Start of Block

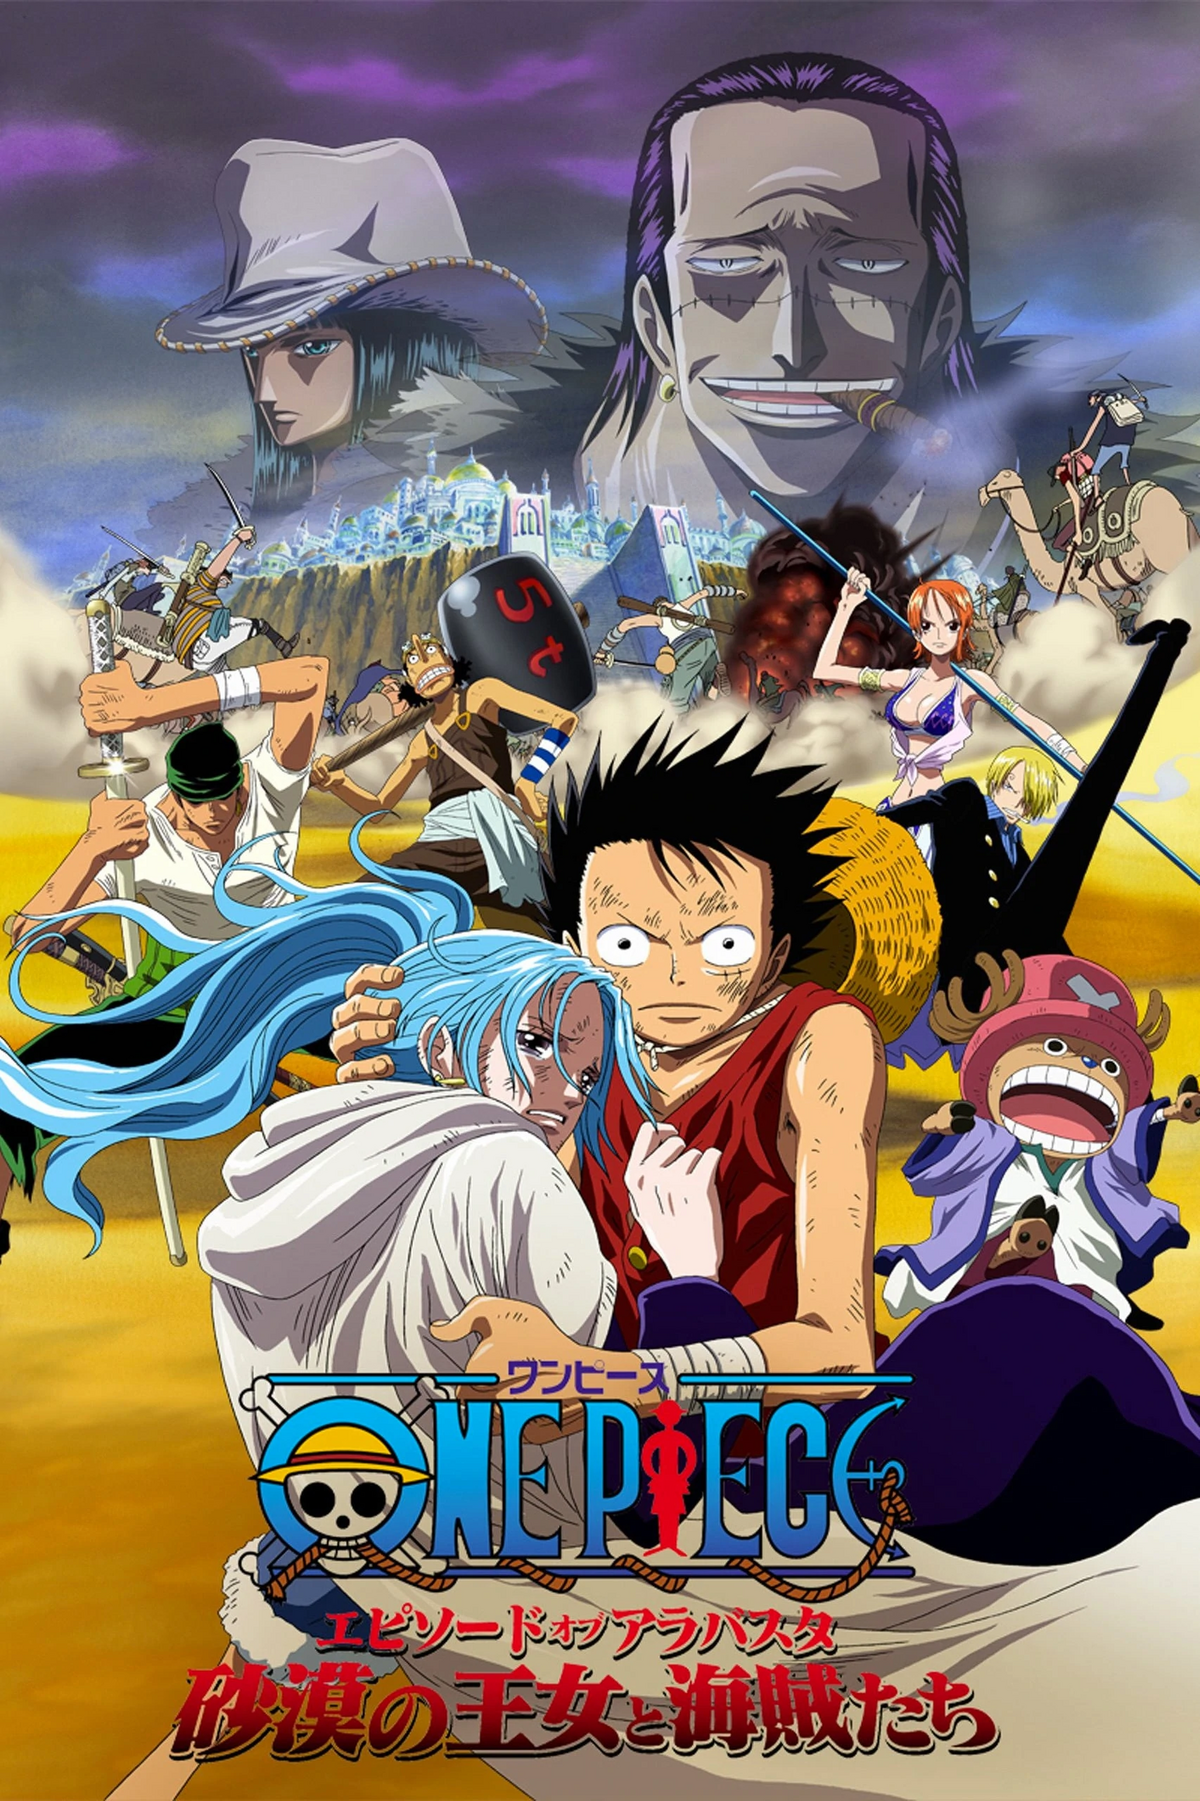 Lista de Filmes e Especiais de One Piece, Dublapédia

End of Block
Start of Block

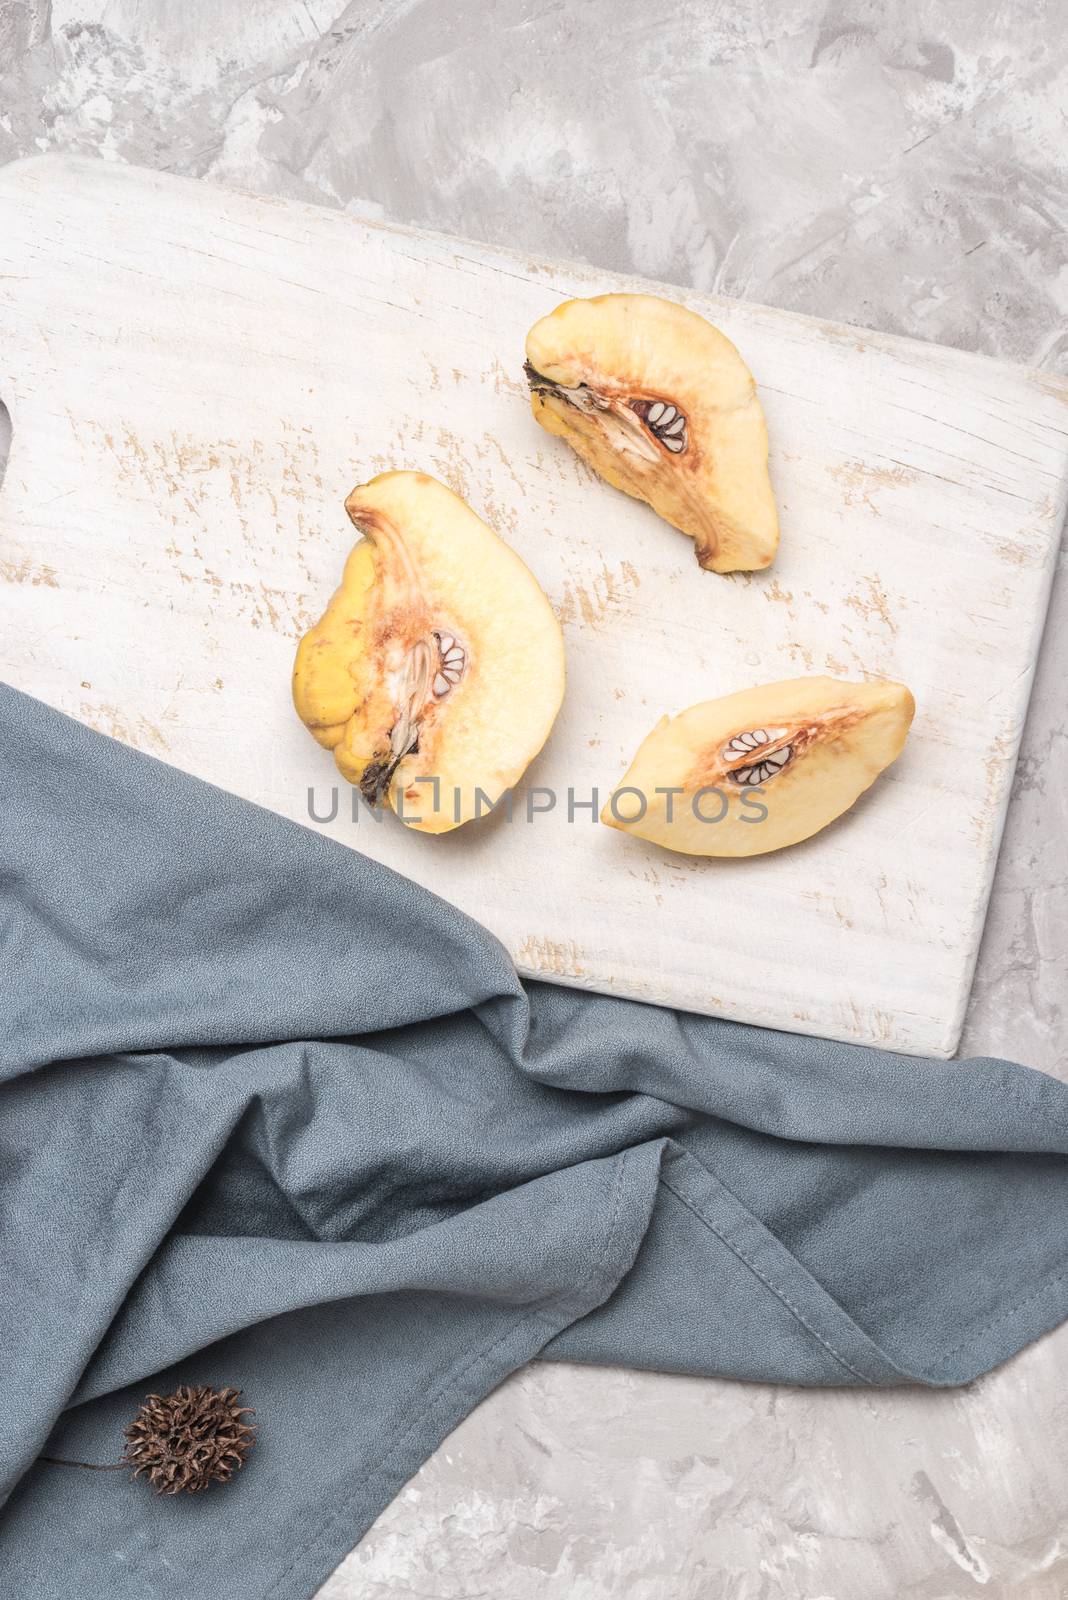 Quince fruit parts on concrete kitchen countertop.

End of Block
Start of Block

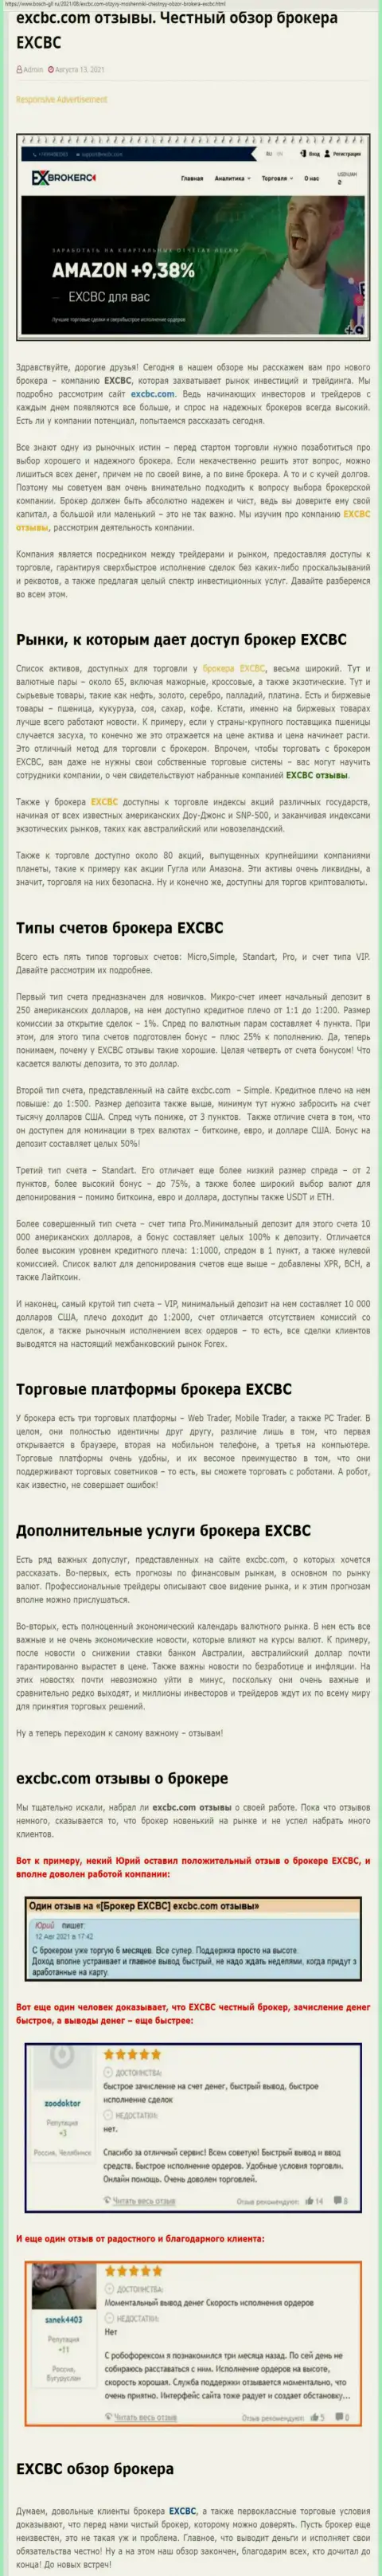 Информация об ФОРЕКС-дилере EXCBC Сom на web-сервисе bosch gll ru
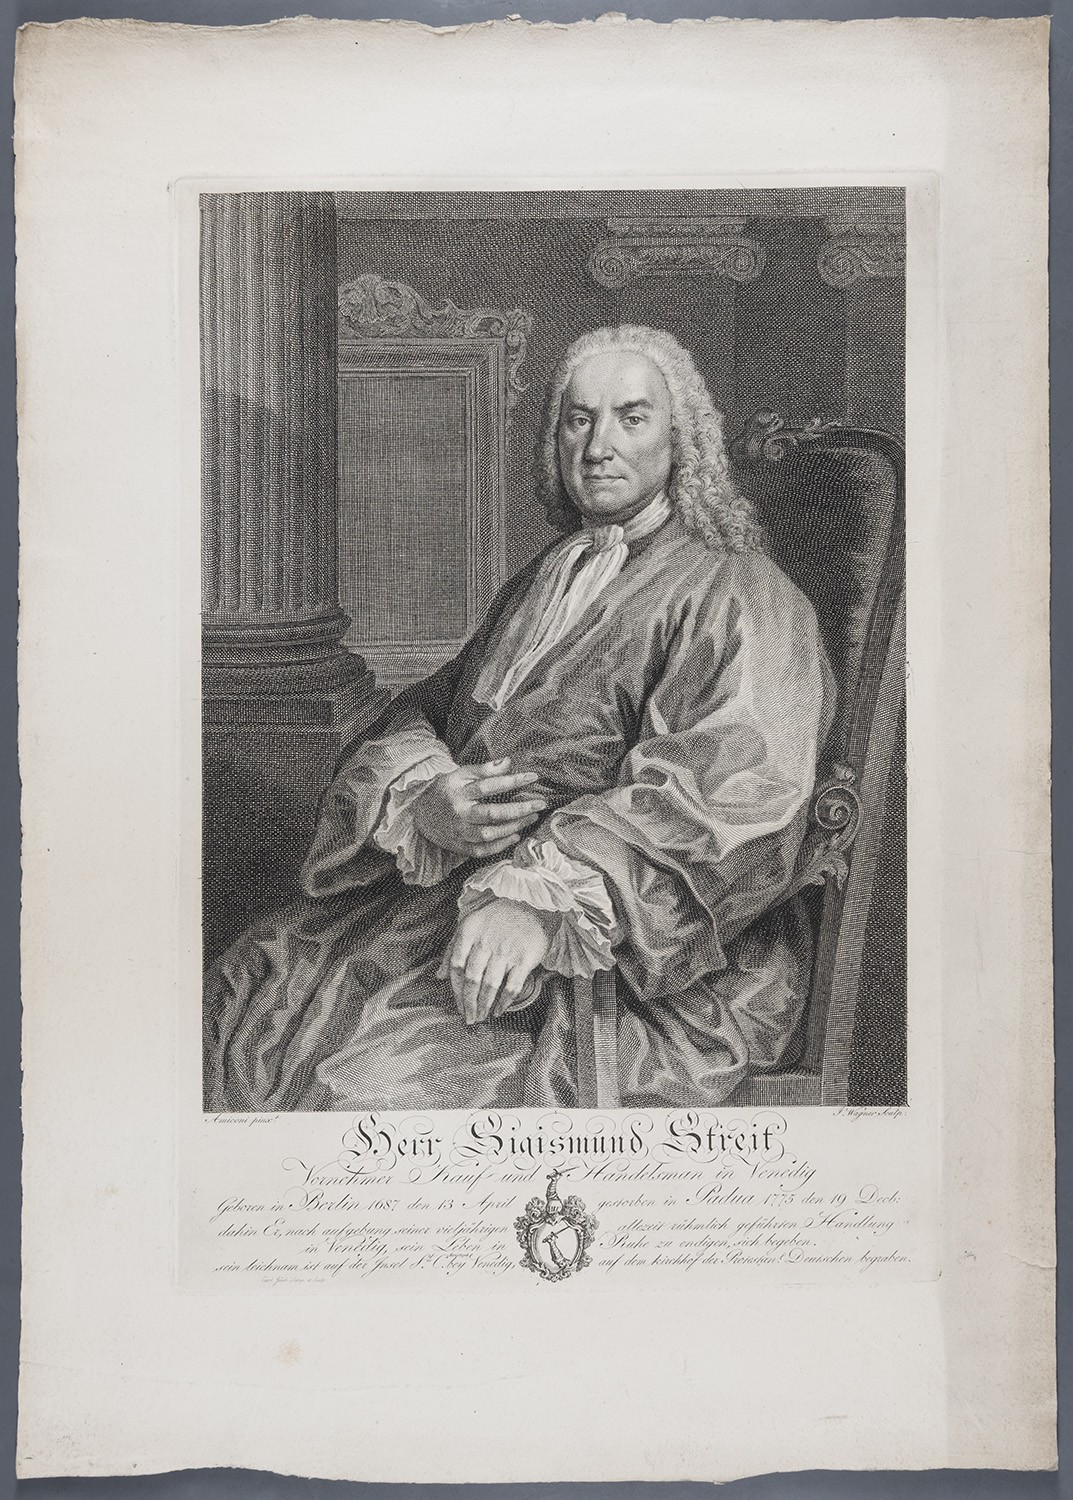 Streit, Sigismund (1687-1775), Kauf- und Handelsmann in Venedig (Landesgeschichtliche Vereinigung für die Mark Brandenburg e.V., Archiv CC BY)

End of Block

Directions: Go back to the listing above and write out the lines starting at the one with "Информация об ФОРЕКС-дилере" and ending at the one with "Streit, Sigismund (1687-1775), Kauf- und", inclusive, exactly and without pictures.

Expected answer:
 Информация об ФОРЕКС-дилере EXCBC Сom на web-сервисе bosch gll ru
 Streit, Sigismund (1687-1775), Kauf- und Handelsmann in Venedig (Landesgeschichtliche Vereinigung für die Mark Brandenburg e.V., Archiv CC BY)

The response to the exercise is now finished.